Pedigrees of the two oligodontia families with arrows indicating the proband of each family. Black figures = affected; open figures = unaffected; squares = males; circles = females.

Mutational analysis

Peripheral blood samples were collected from the members of the two families and from healthy Mexicans as negative controls. Genomic DNA was extracted from whole blood using a Wizard Genomic DNA Purification Kit (Promega, Madison, WI, USA). Polymerase chain reaction was used to amplify the coding exons and adjacent intronic sequences of the BMP2 and BMP4 genes using BMP2- and BMP4-specific primers (Table 1). DNA sequencing was performed at the University of Texas at Austin Institute for Cellular and Molecular Biology core. Sequencing results and consensus sequences from the National Center for Biotechnology Information human genome database were compared using the SeqManII program in the Lasergene package (DNAstar Inc., Madison, WI, USA).

Table 1.

Primers used for PCR amplification and sequence.

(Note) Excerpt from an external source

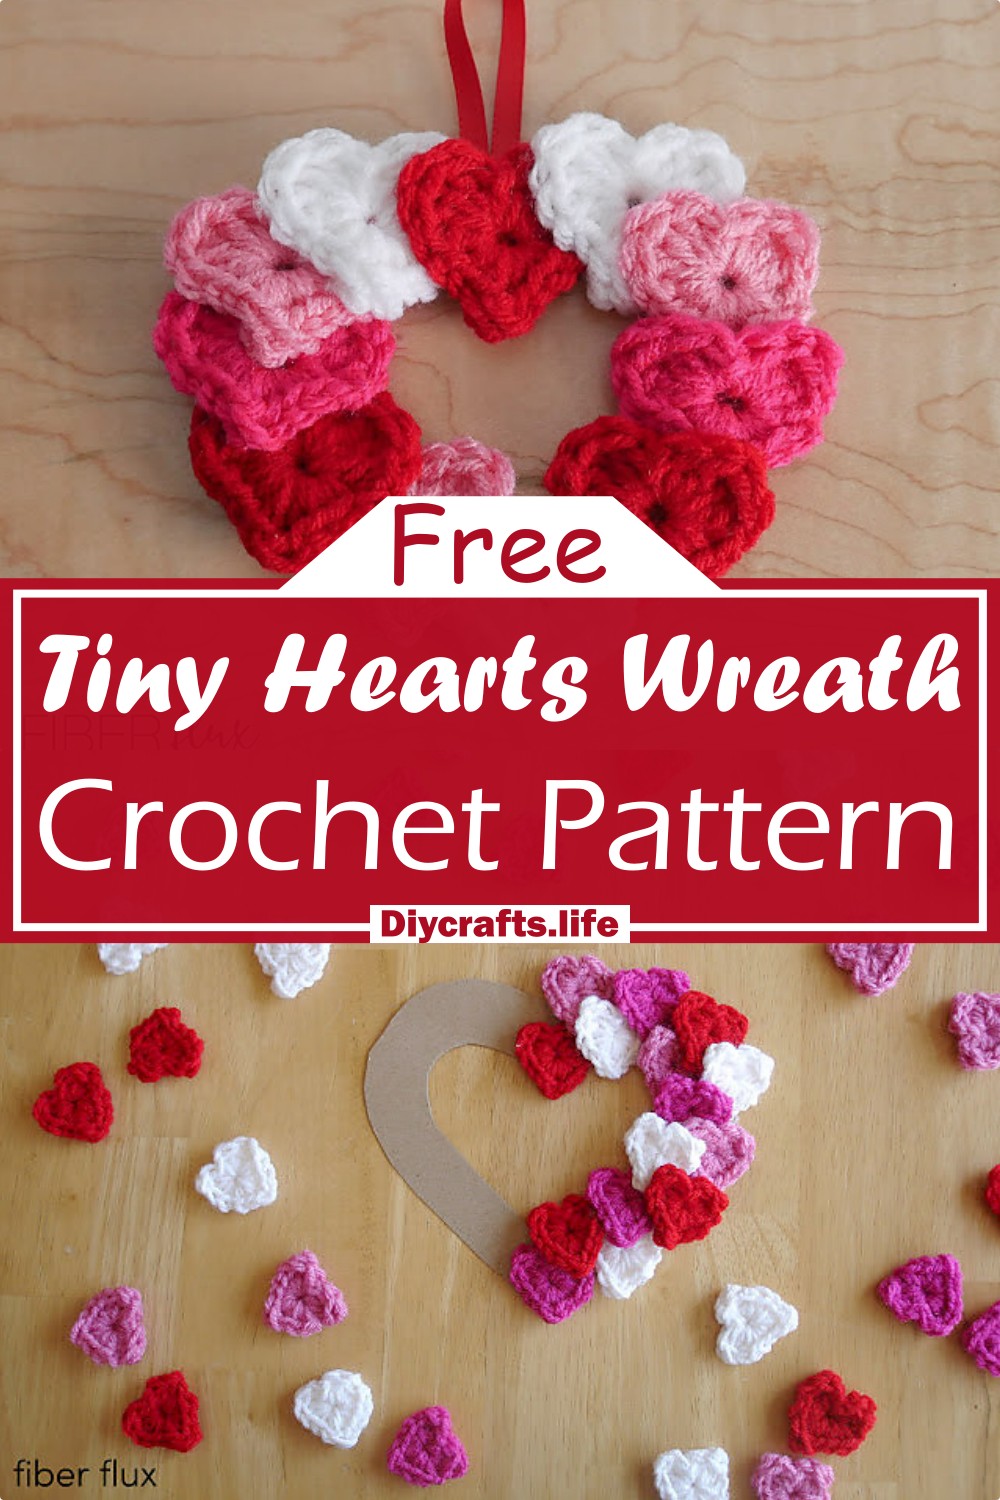 Crochet Tiny Hearts Wreath Pattern
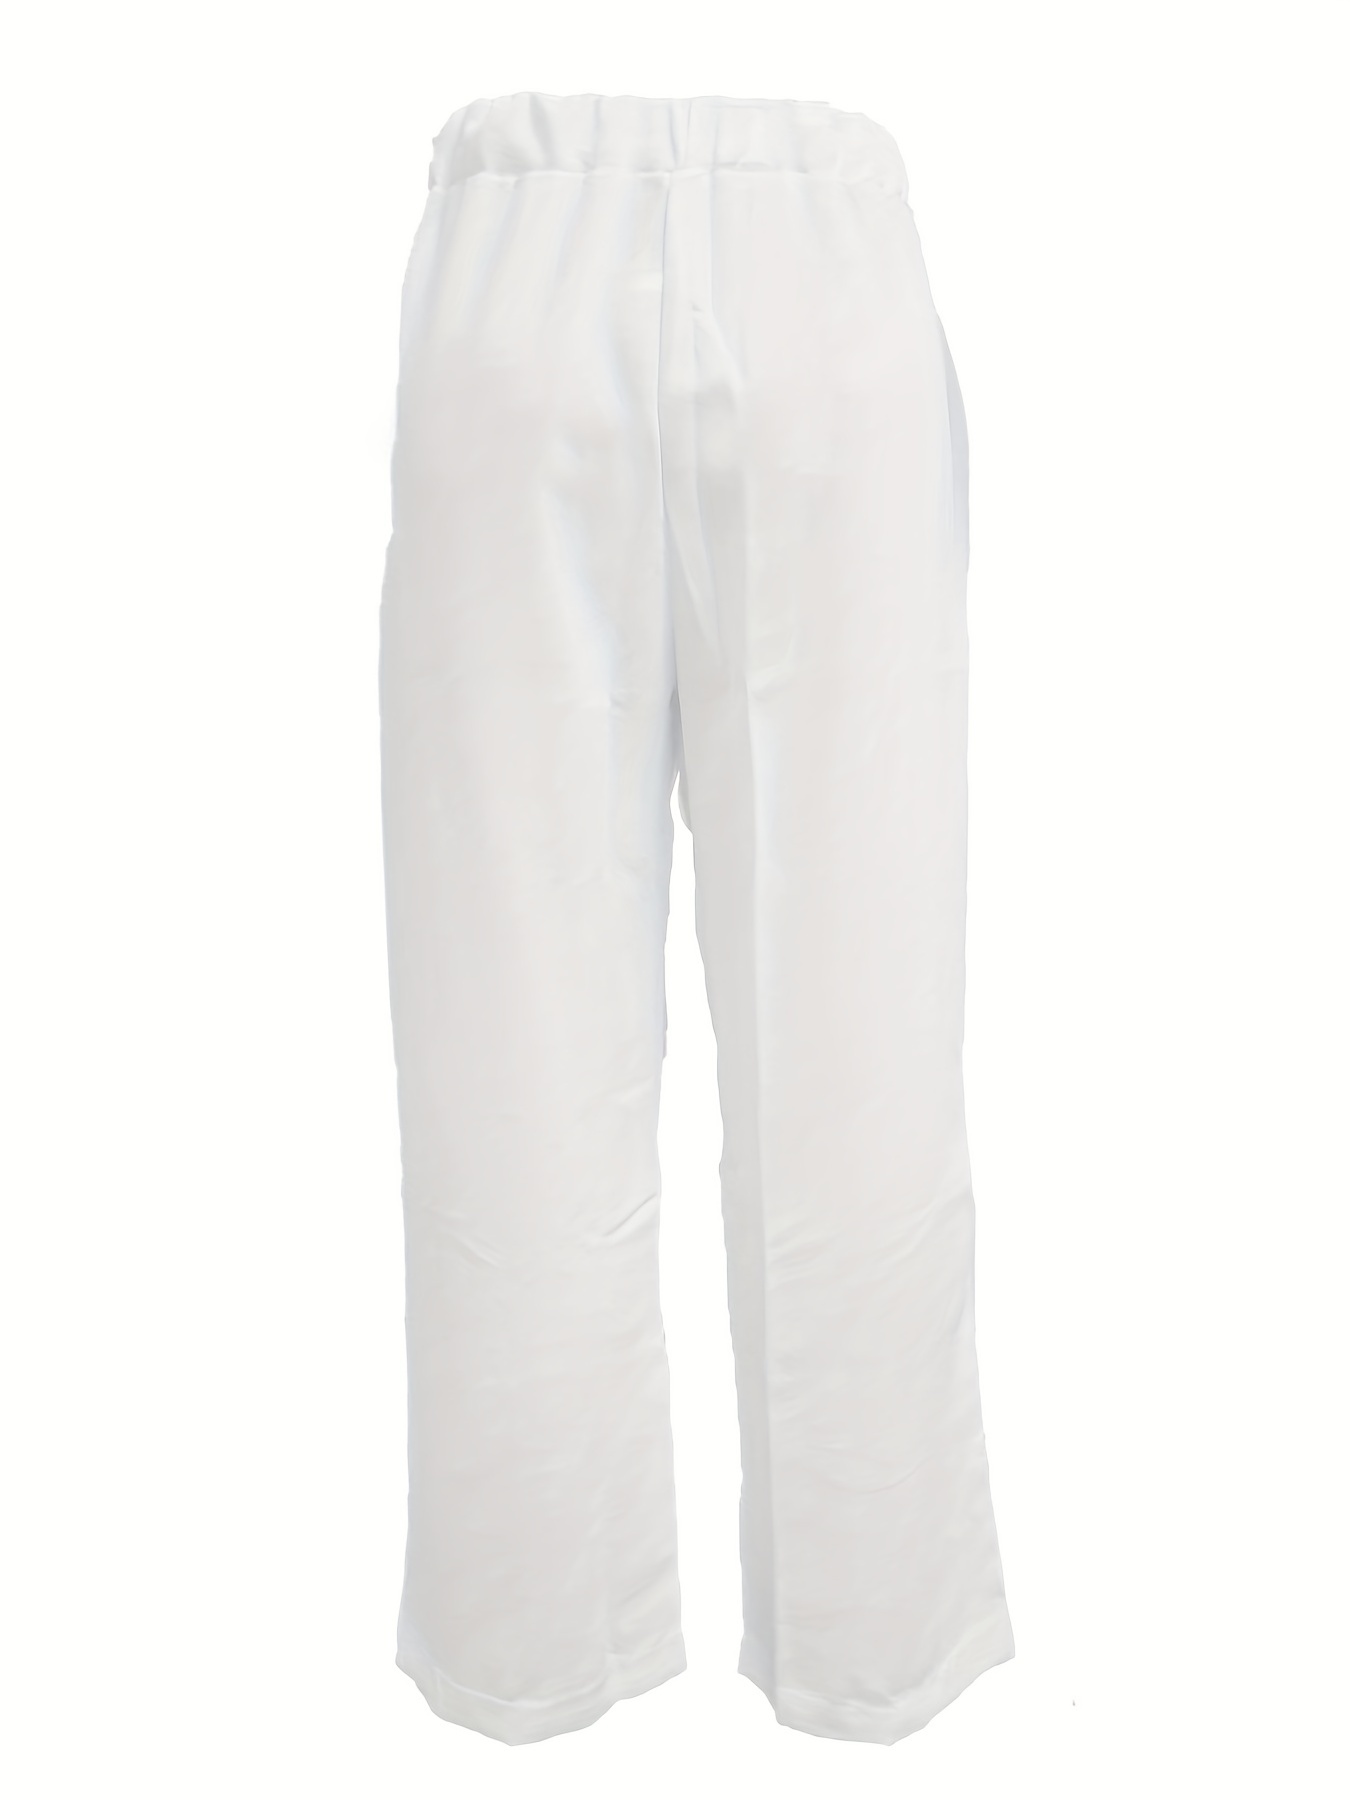 素晴らしい外見 Side Pocket Sweat Pants/niche. LサイズBLACK - パンツ

Gene Exon Primer sequence (5'-3') Amplicon size (bp) Annealing temperature (°C)
BMP2 2F CTCACGTCGGTCCTGTCC 392 53
2R CCCTGCTCCATGCCTCAC
3aF CAAACGTCATTACTTGGCTTACTG 591 51
3aR GCTGTTTGTGTTTGGCTTGA
3bF GCTAGTAACTTTTGGCCATGAT 600 53
3bR TGTTTTCCCAACTTCTTCTTTTCG
BMP4 3F CCATCTTGCCCCTCCATTTCTA 570 60
3R CTTCTTCCCCAGGGCTTTCACT
4aF TGCTTATTTTCCCCCAGTAGGT 704 60
4aR GGCGCCGGCAGTTCTTATTCTT
4bF GGGCCAGCATGTCAGGATTAGC 575 60
4bR TGTGGGTGAGTGGATGGGAACG
Open in a new tab

Bioinformatics analysis of BMP2 and BMP4 proteins and messenger RNA (mRNA) structures

Changes in protein structure or function owing to amino acid substitution were predicted using online tools: PolyPhen (http://genetics.bwh.harvard.edu/pph) and SIFT (http://blocks.fhcrc.org/sift/SIFT.html). Computational two-dimensional models of the BMP2 and BMP4 proteins were performed using the bioinformatics tool DNASIS v2.5. Secondary structures of the full-length BMP2 and BMP4 mRNAs were predicted using GeneBee (http://www.genebee.msu.su/genebee.html).

RESULTS

Family and phenotype analysis

The two Mexican families in the study resided in Texas, USA. The pedigree analysis is shown in Figure 1. Eleven individuals in the families underwent clinical and oral examinations. No abnormalities in other ectodermal tissues were found in these individuals. The phenotypes of the families showed isolated non-syndromic oligodontia. The extra-oral examination indicated gross craniofacial asymmetry but no obvious maxillofacial deformities. The intra-oral examination displayed normal crown sizes, no oral cleft, and no enamel hypoplasia, except in subject II: 2 of family 2, who had a peg-shaped upper later incisor. The diagnosis of congenitally missing teeth depended not only on the panoramic radiographs of dentition but also on the inter-oral examination and dental history. Figure 2 shows the panoramic radiographs as well as intra-oral and extra-oral photographs of the probands from the families. Six affected members in the families had multiple missing teeth. Excluding for third molars, the average number of missing teeth in each person was six in the affected individuals of family 1. In family 2, the number of missing teeth was 14, which was more than twice the number in family 1 (Table 2).

Figure 2.

Figure 2

Open in a new tab

Clinical and radiographic oral-facial manifestation of oligodontia in proband of each family. A. Panoramic radiograph of dentition. B. Intra-oral bite photos. C. Intra-oral dentition photos.

Table 2.

Phenotypes of affected family members.

Right
 Left
8 7 6 5 4 3 2 1 1 2 3 4 5 6 7 8
F1
   III:1
     Maxilla ? * * * * ?
     Mandibles ? * * * * * ?
   III:2
     Maxilla ? * * * * ?
     Mandibles ? * * * ?
   II:4
     Maxilla * * * *
     Mandibles * *
F2
   II:1
     Maxilla * * * * * * * *
     Mandibles * * * * * * * *
   II:2
     Maxilla ? * * * * * * * * ?
     Mandibles ? * * * * * * * * ?
   I:1
     Maxilla * * * * * * * *
     Mandibles * * * * * * * * *
Open in a new tab

III:1, III:2, II:4 in family 1 and II:1, II:2, I:1 in family 2.

*

Congenitally missing teeth;

? = diagnosis impossible for young age patient.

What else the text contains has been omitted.